A detailed guide to make an animated plot

I believe one of the main current events you have read about must be the Australian Bushfire Crisis. The devastating disaster has affected more than 10 million hectares of land, which is compatible to the land area of Portugal, and an estimated 1 billion wild mammals, birds and reptiles have been killed (Source here). Increasing evidence has shown the links between climate change/global warming and this year’s bushfire, such as extreme temperature (1.5ºC above average) and prolonged drought (Source here). Reading these numbers in isolation, you may not see how climate change has evolved over time. From a perspective of data visualisation, instead of using a single value to describe the changing scale, it may be more appealing and informative to use a time series graph, which can show the dynamic trend of a variable along a large scale of time period. I, therefore, took this chance to practice ax.xxx() method in matplotlib using Sydney’s long-term temperature data. If you want to know what is ax.xxx() method in matplotlib, please take a look at my last post. It will help you to understand this post and further to learn matplotlib.

In this post, I will show you how I made the animated time series graph (as shown at the beginning of this post) of annual maximum temperature across a 160-year period in Sydney. Before we dive into the code, here are some takeaways from this plot:

  1. The number of years that have annual maximum temperature above 40ºC increased from 13% to 30% before and after 1920.
  2. The highest daily maximum temperature ever recorded in Sydney was 45.8ºC in 2013.
  3. The chances to experience a long period of hot days (defined as the total number of days that have maximum daily temperature above 30ºC within a given year) are 12% and 24% before and after 1920, respectively.
  4. In 2019, we have experienced the highest number of hot days (34 days) compared to all other recorded years.

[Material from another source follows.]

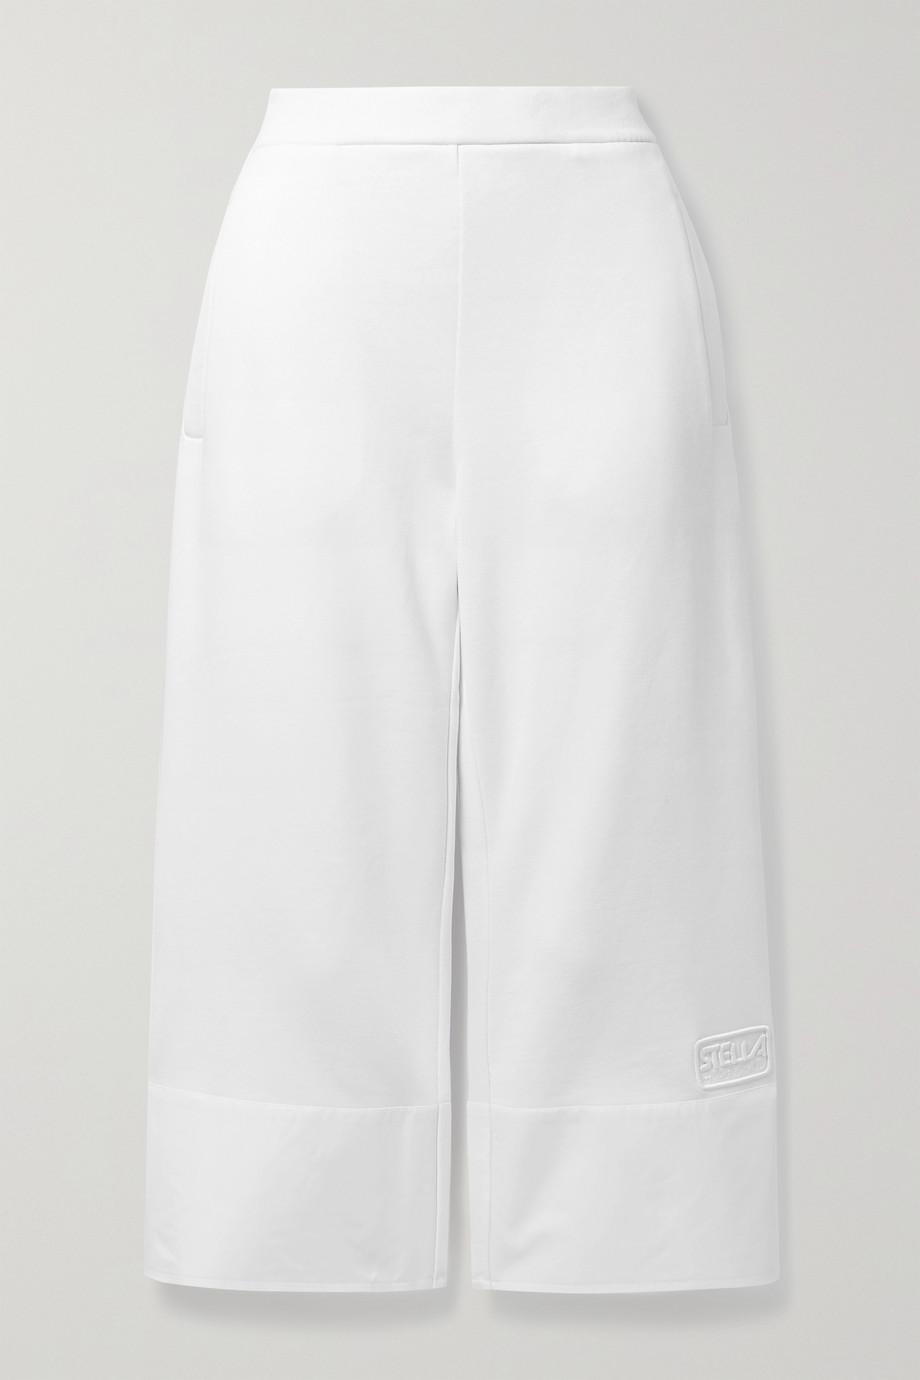 Stella McCartney Pantalon de survêtement raccourci en popeline et jersey de coton biologique - NET SUSTAIN

Structure and theme of the plot

Figure 1, Static version As a standalone figure (Figure 1), it should contain at least three parts, i.e. title, plot, and footnote. It’s easy to understand the first two parts. As for the footnote, it is usually used to indicate the data source of this figure and special notes.

The plot is no doubt the most important part of the whole figure. In this case, I used two different y-axes to show temperature and day individually and they shared the same x-axis, which is year. matplotlib provides an easy way to create twin axes: ax.twinx()/ax.twiny(). Specifically, ax.twinx() creates a new axes that shares the x-axis with ax, but can have a different y-axis. Likewise, ax.twiny() returns an axes sharing the y-axis, but with a different x-axis. After constructing the figure framework, I set up a futuristic colour theme, which inspired from Tron Legancy. In matplotlib, we can easily configure the figure style via plt.rc(). rc stands for Configure file that automatically Run at startup.

# set up plot style as tron legancy
from matplotlib import cycler
colors = cycler('color',
                ['#fc280f', '#5fdcff', '#f4ba26', '#85c54c', '#c6d7e0']) # colors for artists will be cycled from this list by default
plt.rc('figure', facecolor='#222222') # facecolor is background colour
plt.rc('axes', facecolor='#222222', edgecolor='#222222',
       axisbelow=True, grid=True, prop_cycle=colors) # "axisbelow" set axis ticks and gridlines are below all artists
plt.rc('grid', color='#e3e3e3', linestyle='solid')
plt.rc('xtick', direction='in', color='#e3e3e3')
plt.rc('ytick', direction='in', color='#e3e3e3')
plt.rc('patch', edgecolor='#e3e3e3')
plt.rc('lines', linewidth=1.5)

Create a function for static plotting

Let’s take a look at the lite function for creating an animated plot in matplotlib.

animation.FuncAnimation(fig, func, frames=None)

Essentially, animated fig is just a collection of static axes obtained by func with different values (frames). It very much just like the flipbook animation. In my case, there are in total 160 frames of axes (from year 1859 to 2019, i.e. range(1859, 2020, 1)). With this sorted out, I then created a function that could be applied generally to different year values.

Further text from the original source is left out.